Anatomical characterization of the intraosseous arteries of the porcine tibia

Tibial fractures have a high rate of post-fracture complications. Blood supply is recognized as a positive factor in tibial fracture healing. However, it’s difficult to assess blood supply damage after tibial fracture because of the lack of understanding of the tibial intraosseous arteries. This study aimed to delineate and anatomically characterize porcine tibial intraosseous arteries, as a model for the human system. Twenty right calf specimens with popliteal vessels were prepared from ordinary Landrace pigs. Epoxy resin was perfused into the vasculature from the popliteal artery. After 24 h, casts of the intraosseous arteries of the tibia were exposed through acid and alkali corrosion. The distribution and anatomy of the exposed intraosseous arteries were observed and measured under a microscope, and the data were statistically analyzed. Sixteen complete specimens were obtained. The medullary artery bifurcated into the main ascending and descending branches, which each split into two upward primary branches that further divided into 1–3 secondary branches.

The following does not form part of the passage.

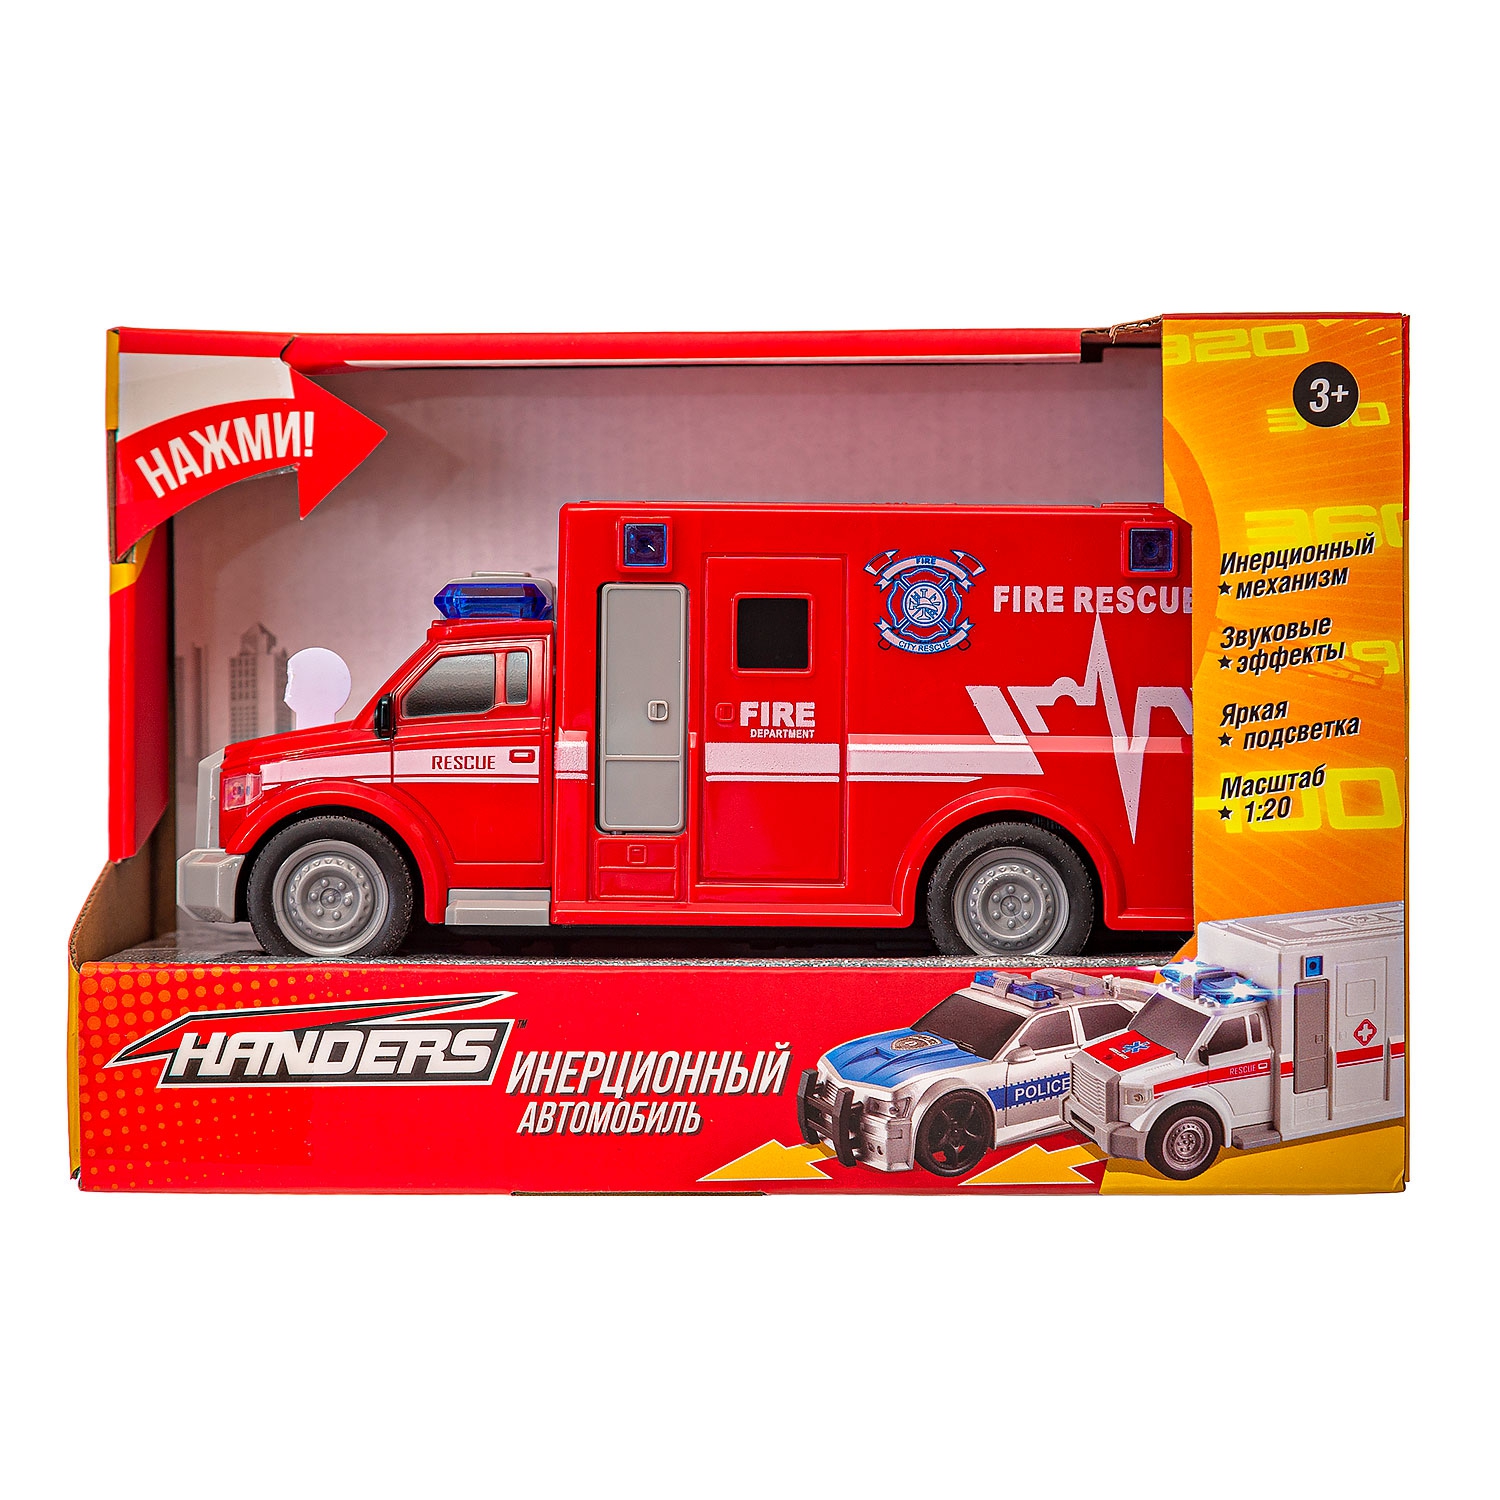 Инерционная игрушка Handers Пожарный фургон (19 см, 1:20, свет, звук) (10702070/290520/0110739/1,

Among all specimens, 56 ascending and 42 descending secondary branches, which were all ≥0.3 mm in diameter. Furthermore, the horizontal plane was divided into three zones—safety, buffer, and danger zones—according to the probability of the presence of intraosseous artery. The cast perfusion and corrosion approach was successfully applied for anatomical characterization of the intraosseous arteries of the porcine tibia. These observations provide a theoretical basis for understanding the tibial vasculature in humans and will facilitate the establishment of novel “safe corridor” in the tibia for the protection of the blood supply during surgery.